-------- GIVEN DATA

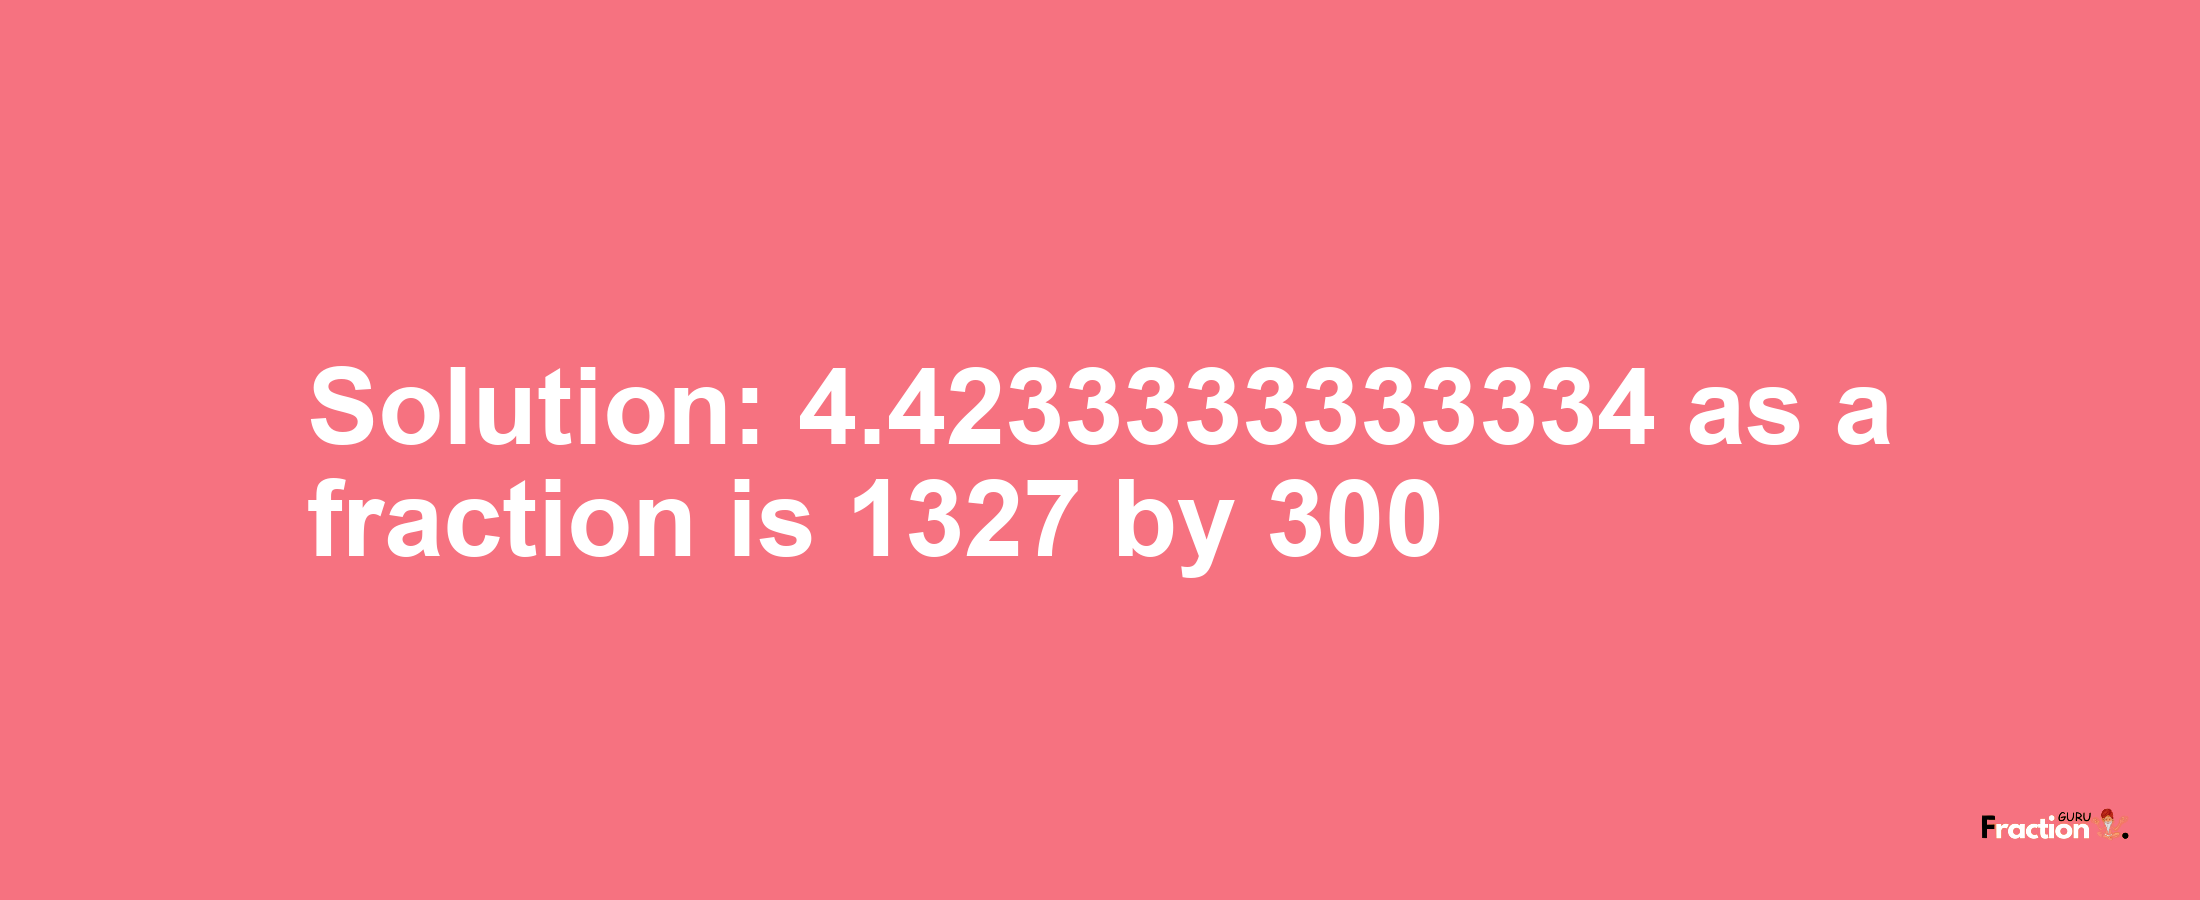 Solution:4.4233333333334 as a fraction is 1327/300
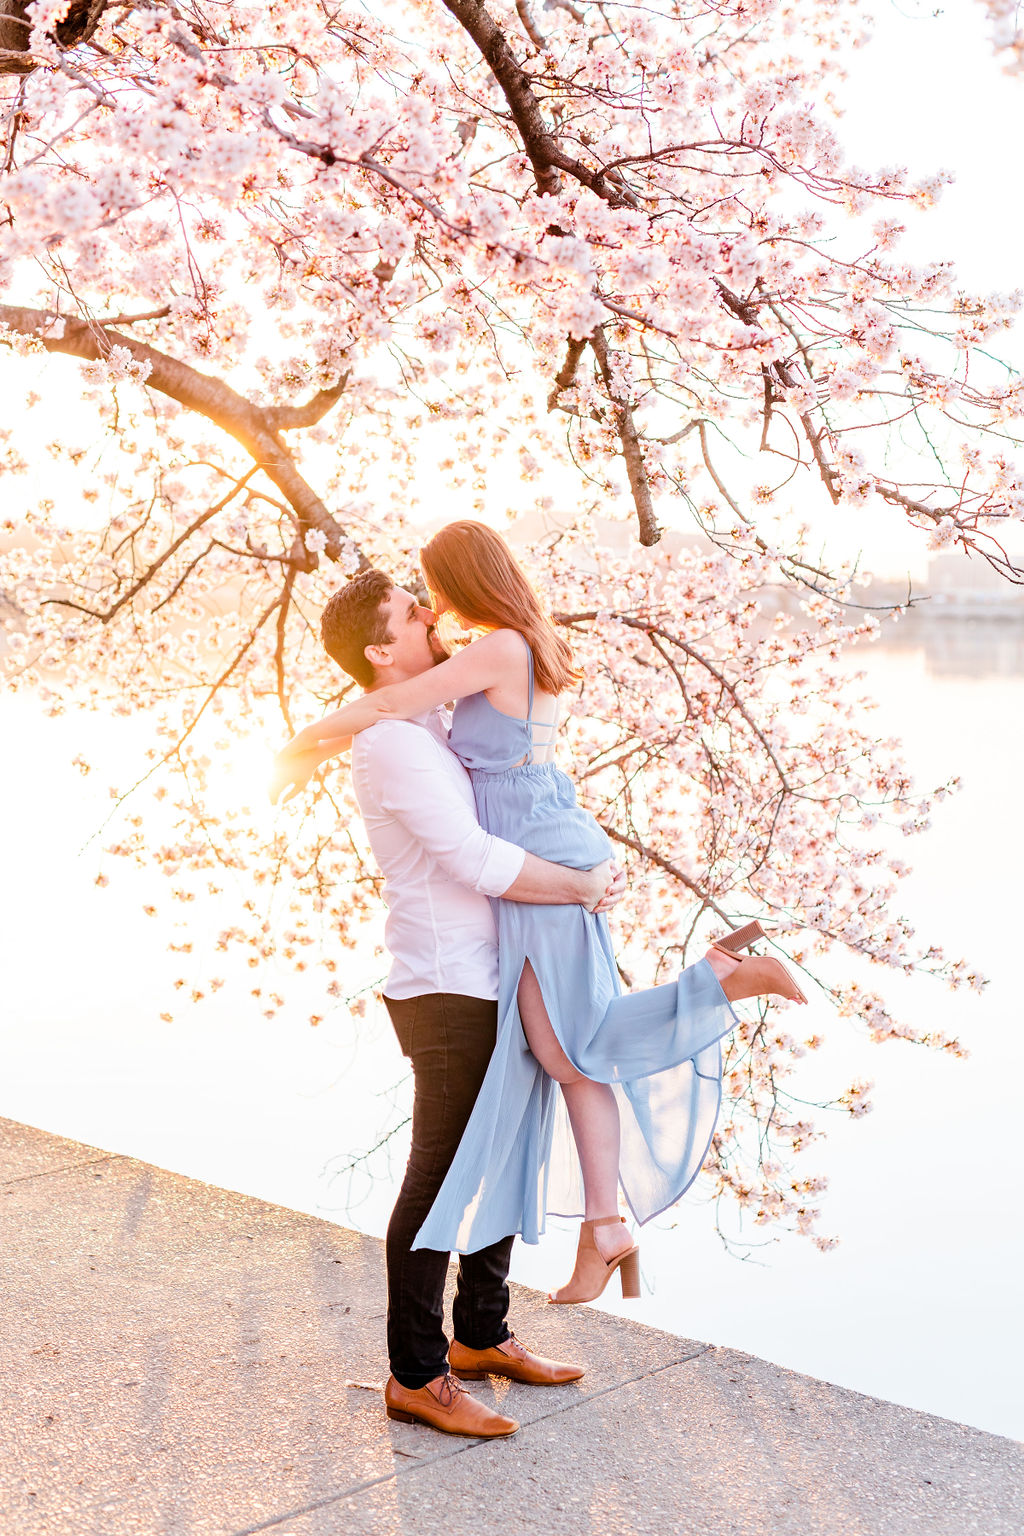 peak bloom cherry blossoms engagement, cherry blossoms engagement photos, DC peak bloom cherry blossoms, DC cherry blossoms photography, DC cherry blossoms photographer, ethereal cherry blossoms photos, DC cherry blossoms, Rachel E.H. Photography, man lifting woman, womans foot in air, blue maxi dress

----------------
-------- GIVEN DATA

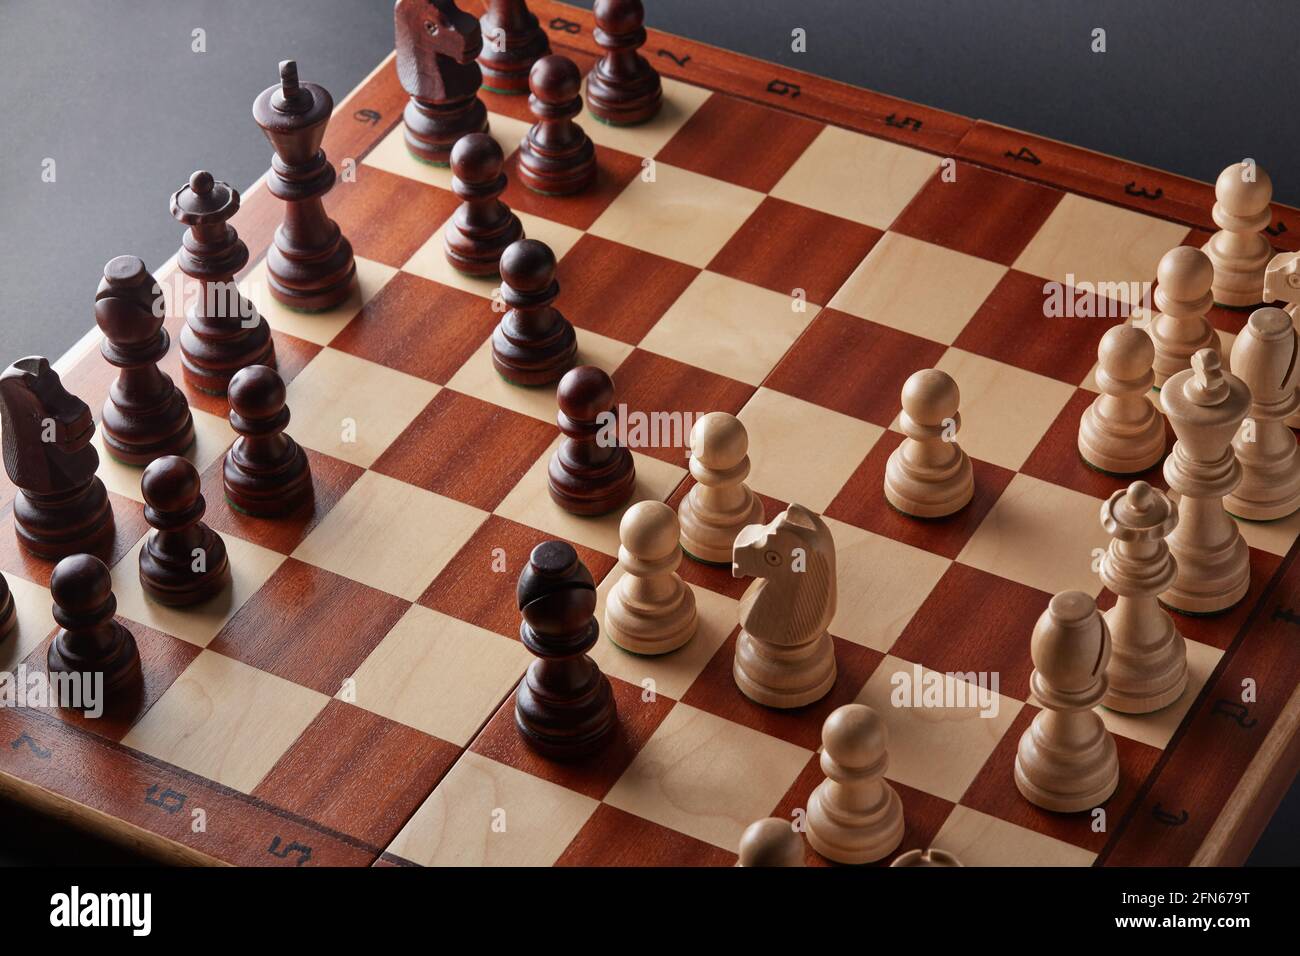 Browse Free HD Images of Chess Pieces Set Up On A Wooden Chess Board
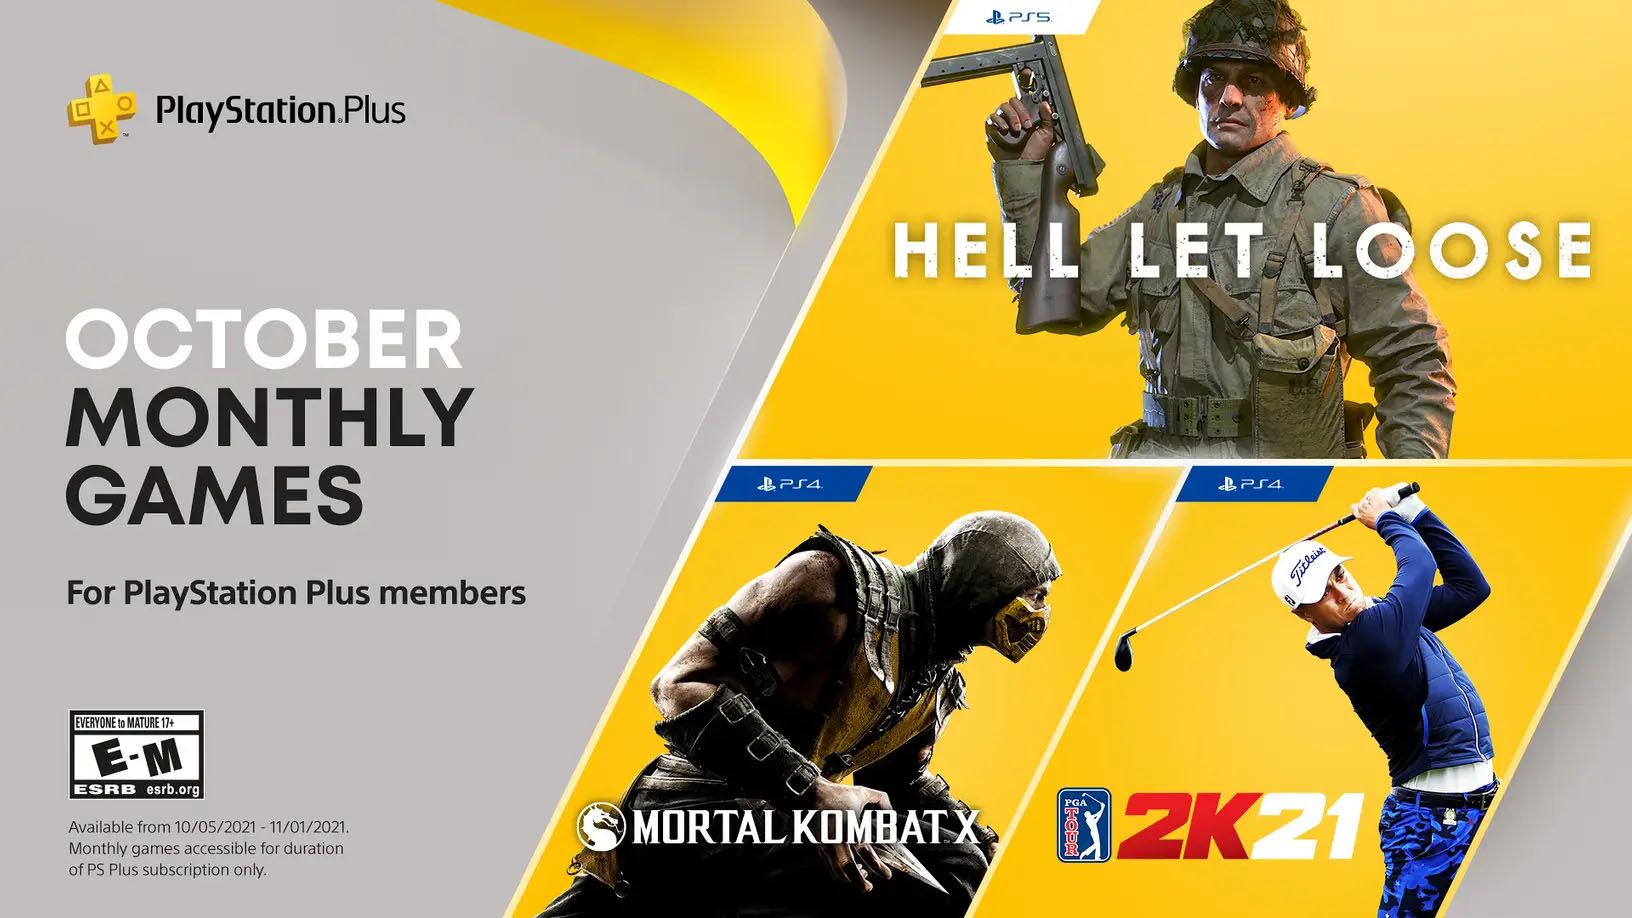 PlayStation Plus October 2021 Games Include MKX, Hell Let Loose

----------------

• **ABOUT THIS TASK**
Only the lines starting at the one with "Solution:4.4233333333334 as a" and ending at the one with "peak bloom cherry blossoms engagement, cherry" should be printed, each exactly as it appears in the material above; the pictures are to be omitted.

• **TASK SOLUTION**
 Solution:4.4233333333334 as a fraction is 1327/300
 peak bloom cherry blossoms engagement, cherry blossoms engagement photos, DC peak bloom cherry blossoms, DC cherry blossoms photography, DC cherry blossoms photographer, ethereal cherry blossoms photos, DC cherry blossoms, Rachel E.H. Photography, man lifting woman, womans foot in air, blue maxi dress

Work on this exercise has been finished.